How RAG Works Under the Hood
Offline (indexing phase):
Documents
↓
Split into chunks (500-1000 tokens each)
↓
Generate embedding vector for each chunk
↓
Store chunks + vectors in vector database
↓
Index is ready for searching
Online (query phase):
User question
↓
Generate embedding vector for the question
↓
Find chunks with most similar vectors (cosine similarity)
↓
Return top K chunks (typically 3-10)
↓
Include chunks in LLM prompt as context
↓
LLM generates answer grounded in the chunks
The key insight: questions and their answers have similar embeddings. "What is the return policy?" and a chunk containing "Our return policy allows refunds within 30 days" will have vectors that are close together in embedding space, even though they share few exact words.
RAG vs Other Approaches
Approach Cost Freshness Accuracy Complexity
─────────────────────────────────────────────────────────────────────
Prompt stuffing Low Manual update High Low
(put docs in prompt)
RAG Medium Automatic High Medium
(retrieve + generate)
Fine-tuning High Requires Medium High
retraining
Knowledge graph High Manual update Very high Very high
+ RAG
Prompt stuffing (just putting documents in the prompt) works for small knowledge bases that fit within the context window. Once your data exceeds what fits in a single prompt, you need RAG to select the relevant subset.
Common Pitfalls
- Skipping evaluation: "It seems to work" is not evaluation. Build a test set of question-answer pairs and measure retrieval quality (are the right documents found?) and answer quality (is the generated answer correct?).

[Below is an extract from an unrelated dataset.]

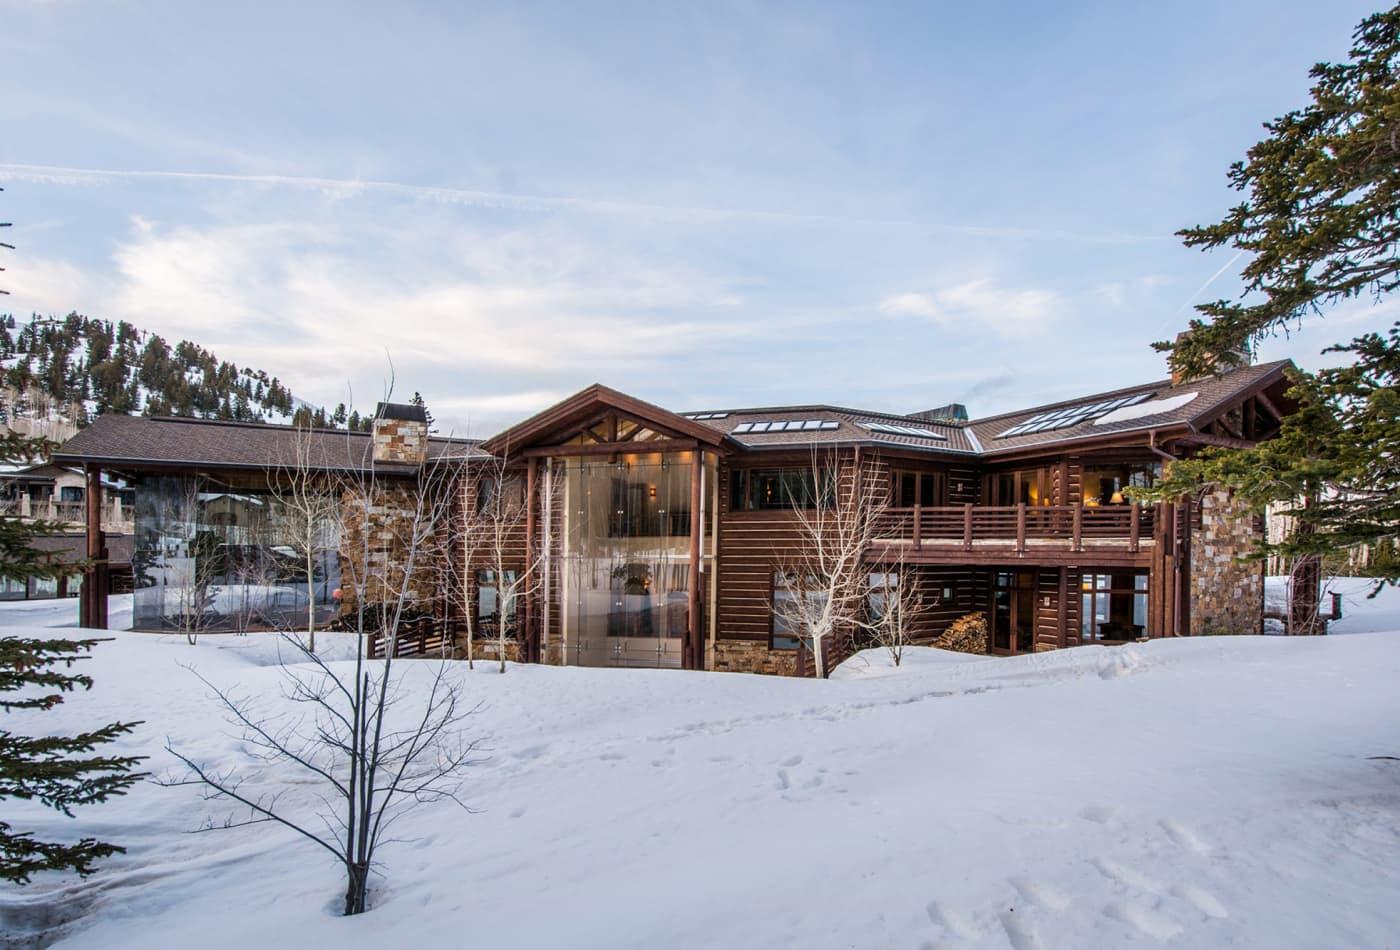 Park City ski lodge costs $10,000 a night

- Wrong chunk size: Too small and chunks lack context. Too big and you waste context window space on irrelevant text. Start with 500-1000 tokens per chunk and adjust based on your data.
- No "I don't know" path: If the retrieved documents do not contain the answer, the model should say so. Without explicit instructions, models will hallucinate an answer using the irrelevant context.
- Ignoring retrieval quality: The generation can only be as good as the retrieval. If the wrong documents are retrieved, the model will produce a confident wrong answer based on those documents.
- Not considering context window limits: If you retrieve 10 chunks of 1000 tokens each, that is 10K tokens of context. Add the system prompt and the model's output, and you may be hitting limits. Budget your context window.
- Treating RAG as a one-time setup: RAG systems need ongoing maintenance. Documents change, user questions evolve, and retrieval quality can degrade. Monitor and iterate.
Key Takeaways
- RAG combines retrieval (search) with generation (LLM) to ground model outputs in real data. This reduces hallucination and solves the knowledge cutoff problem.
- RAG beats fine-tuning for most knowledge-grounding use cases because it supports real-time updates, source attribution, and access control without retraining.
- The quality of a RAG system depends on both retrieval quality (finding the right documents) and generation quality (synthesizing a correct answer). Evaluate both separately.
- RAG is the standard architecture for any application where the model needs to answer questions about data it was not trained on: support bots, internal search, document Q&A, legal research.
- Always include an "I don't know" instruction. A model that admits uncertainty is more trustworthy than one that confidently generates wrong answers from irrelevant context.